------ Excerpted records

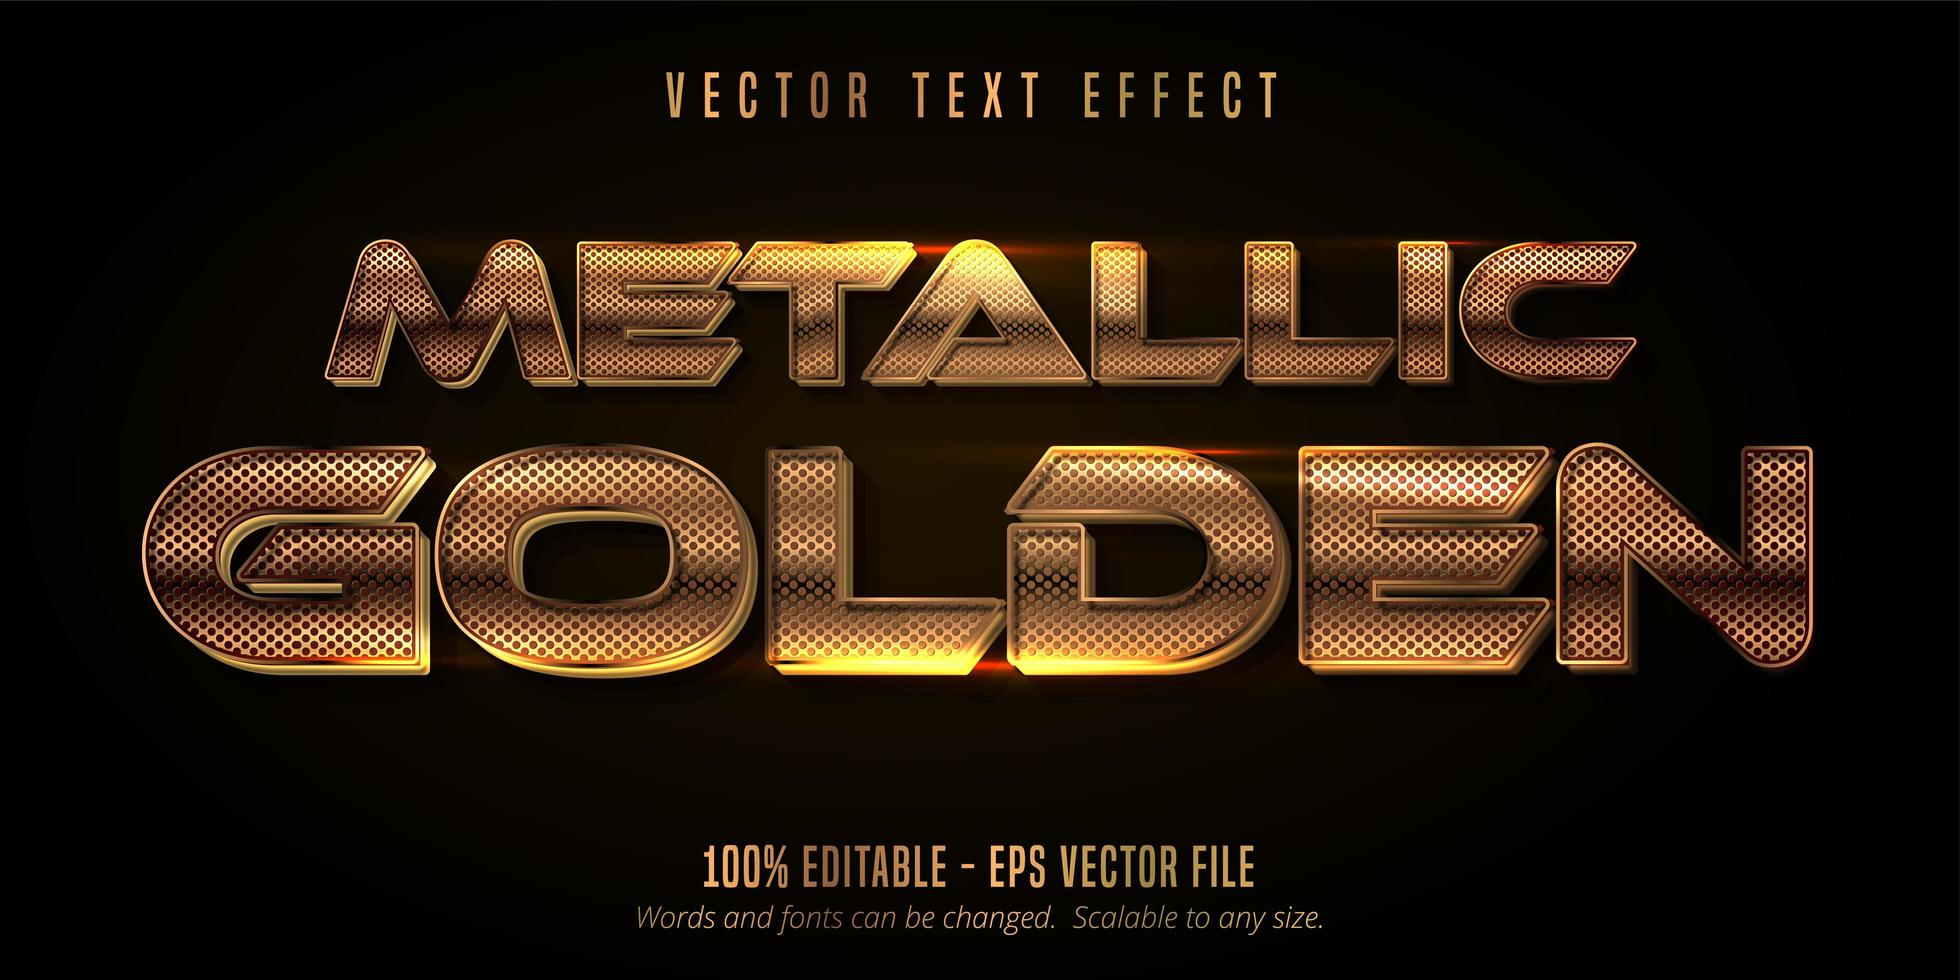 effet de texte motif grille dorée métallique vecteur
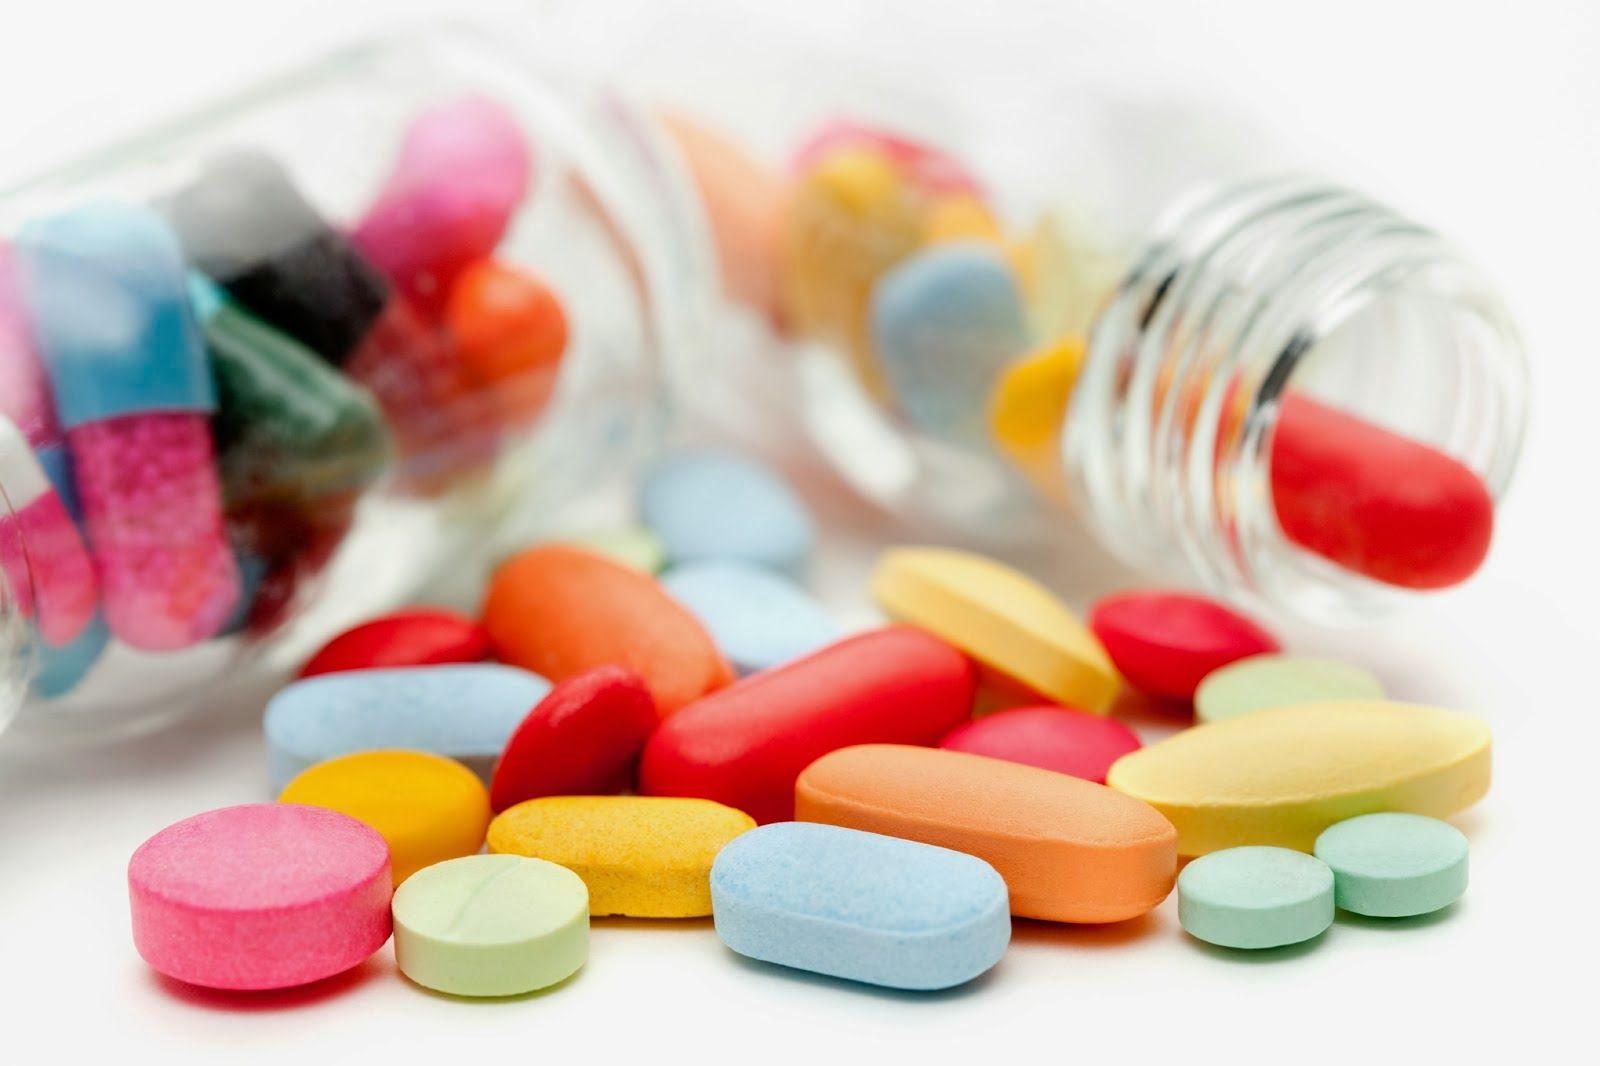 Ưu điểm của loại thuốc tây là giúp người bệnh giảm đau nhanh, sử dụng tiện lợi
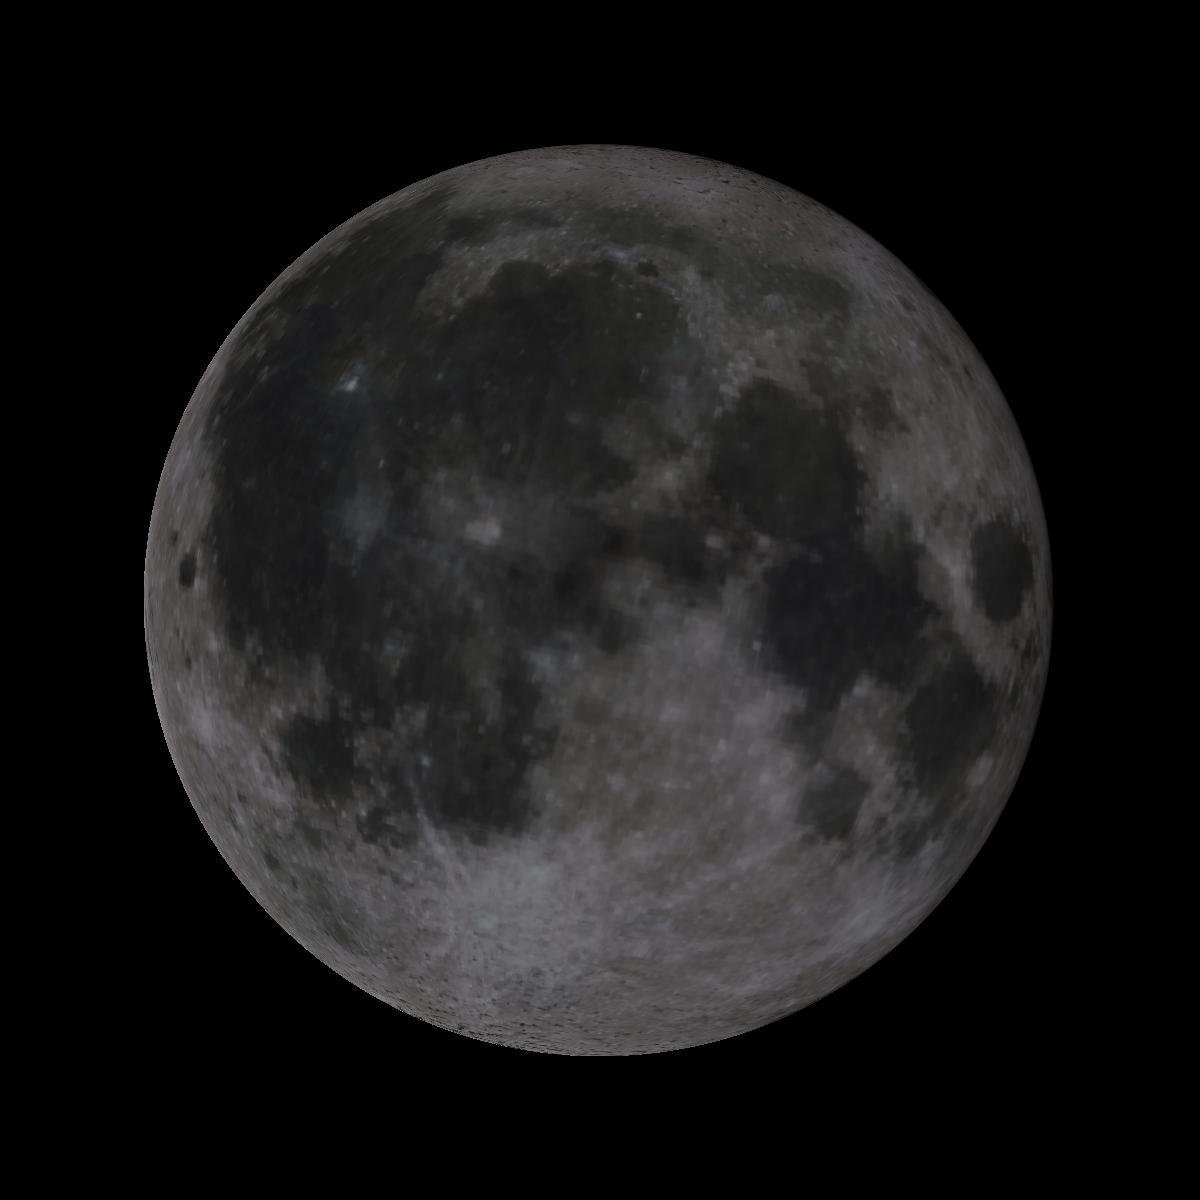 Lune du 13 novembre 2019
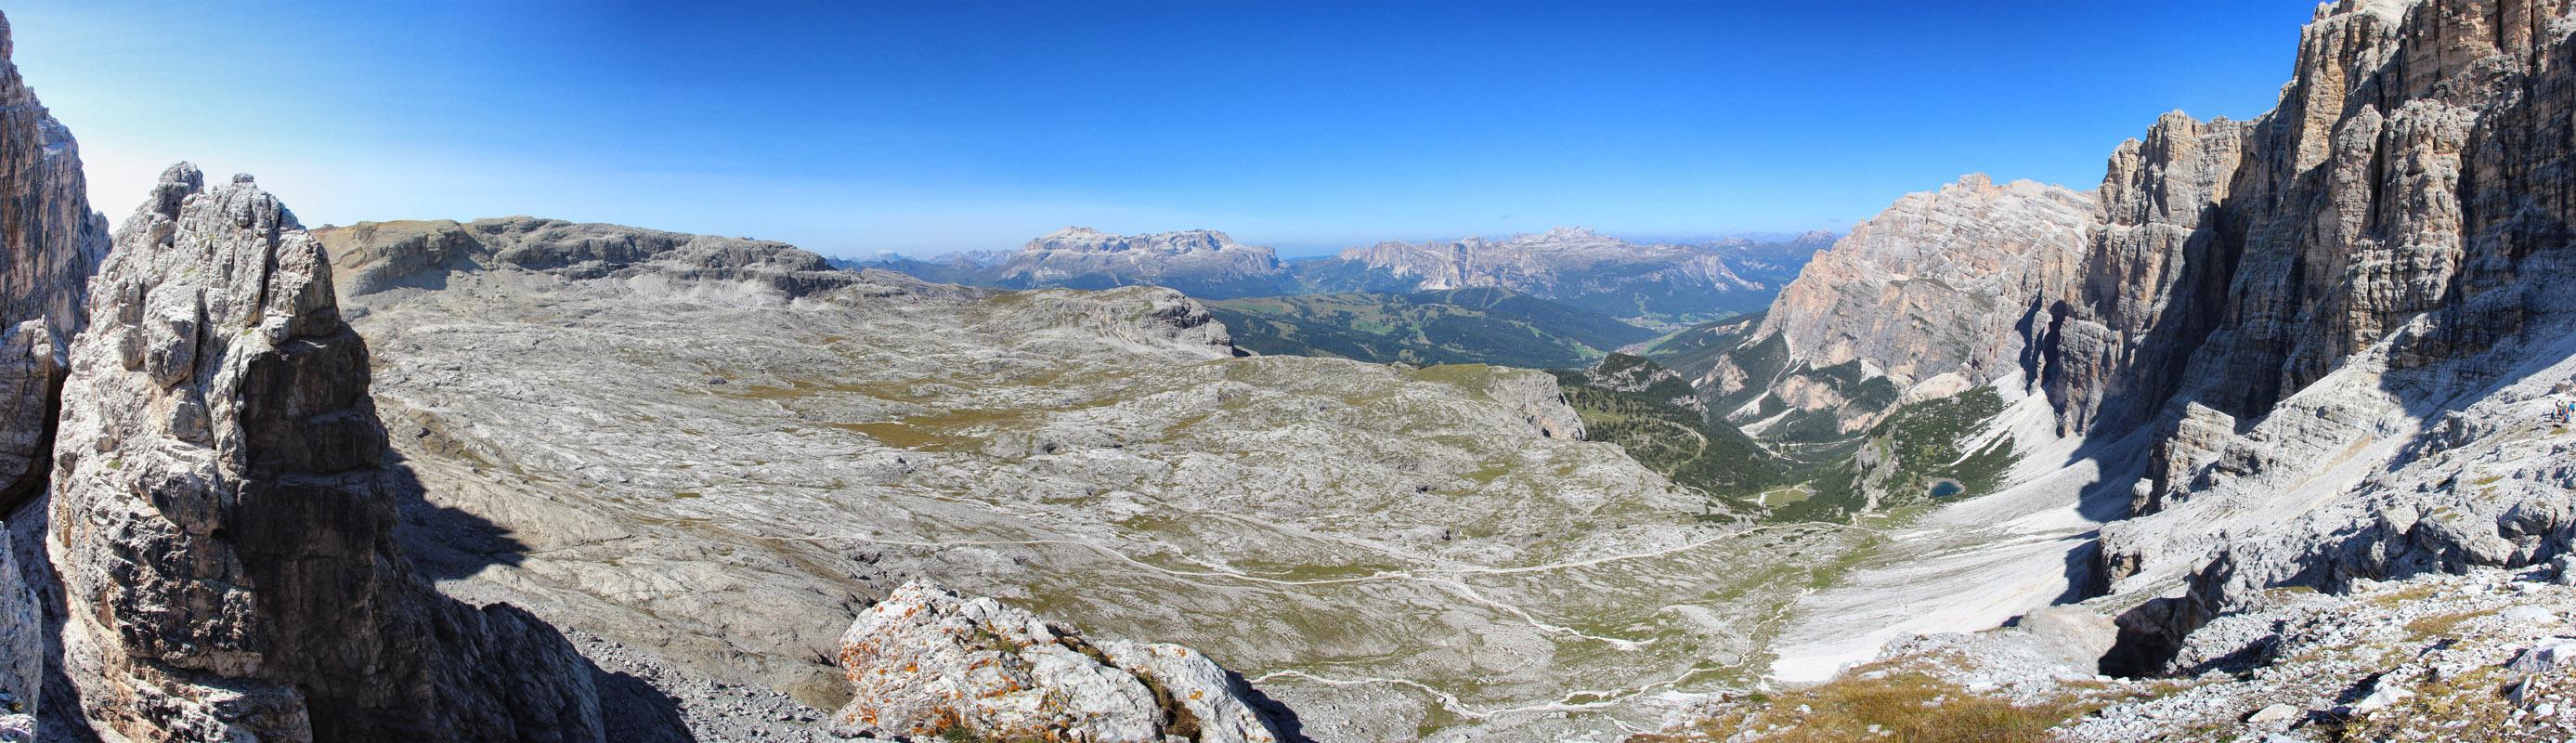 Panoráma planiny medzi Lagazuoi a Le de Lagacio, Dolomity
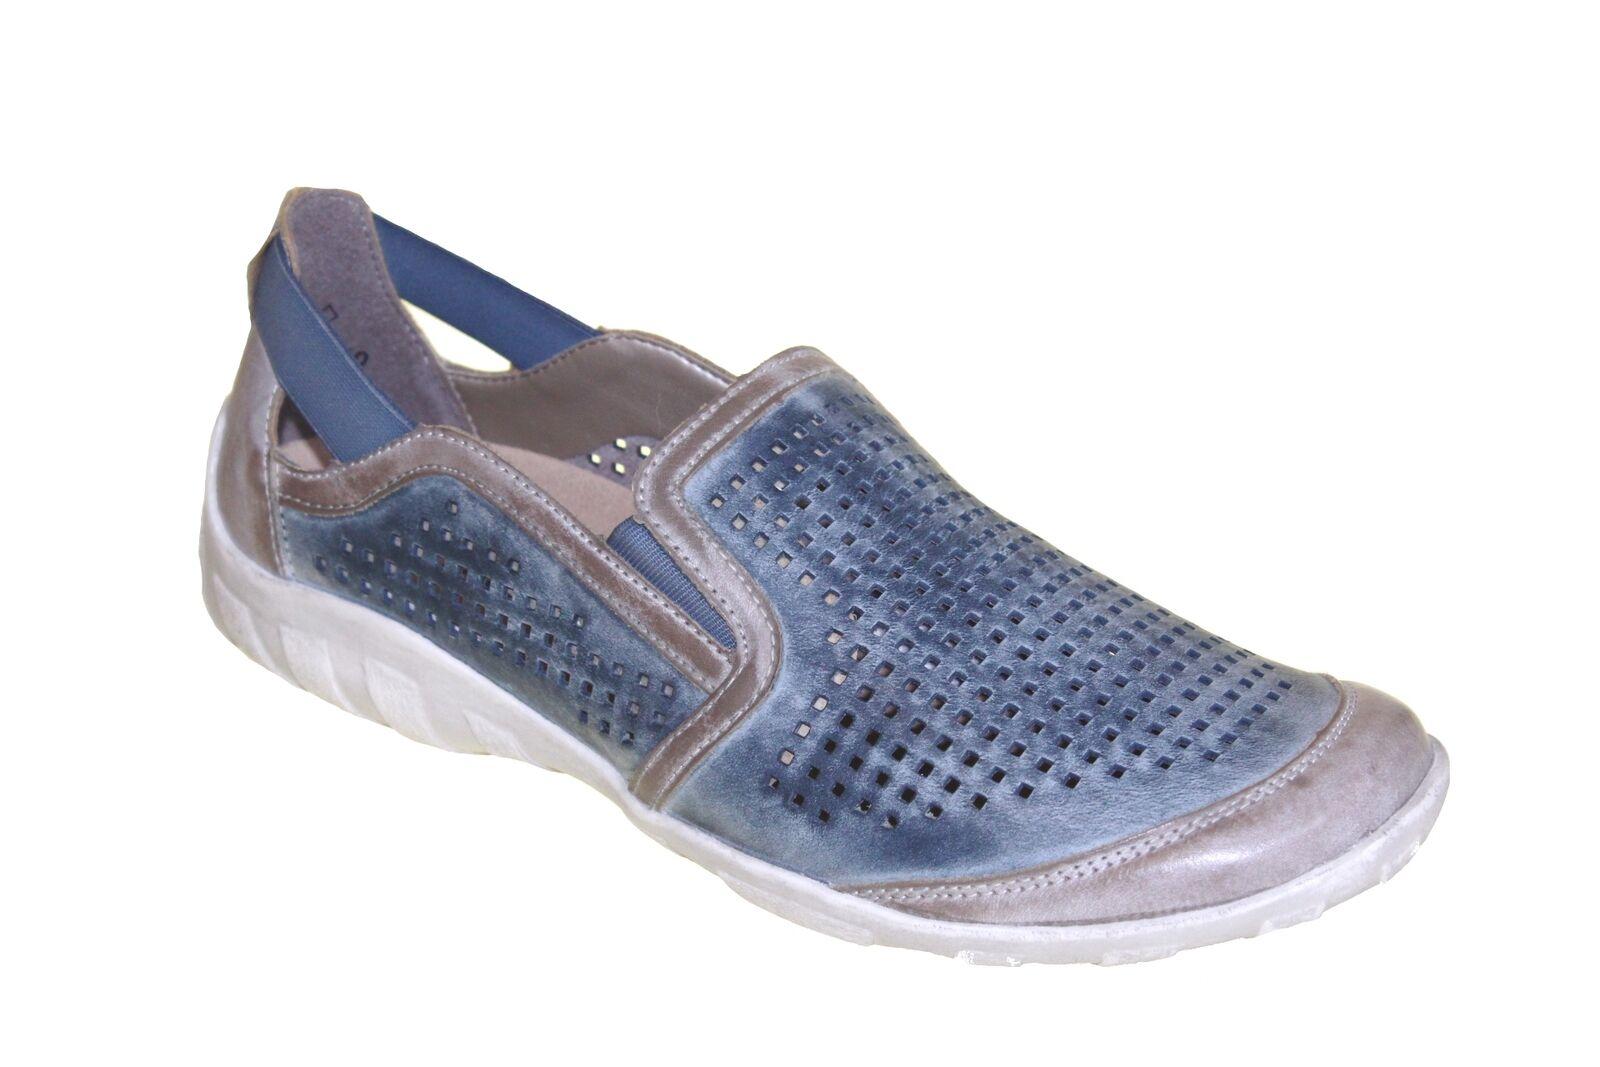 Nouveau remonte r3425-14 Femmes Chaussures Slipper baskets basses cuir re46

------------

## Task objective:
Reproduce the data exactly, please, and omit its pictures.

## Output for this exercise:
 effet de texte motif grille dorée métallique vecteur
 Ưu điểm của loại thuốc tây là giúp người bệnh giảm đau nhanh, sử dụng tiện lợi
 Lune du 13 novembre 2019
 Panoráma planiny medzi Lagazuoi a Le de Lagacio, Dolomity
 Nouveau remonte r3425-14 Femmes Chaussures Slipper baskets basses cuir re46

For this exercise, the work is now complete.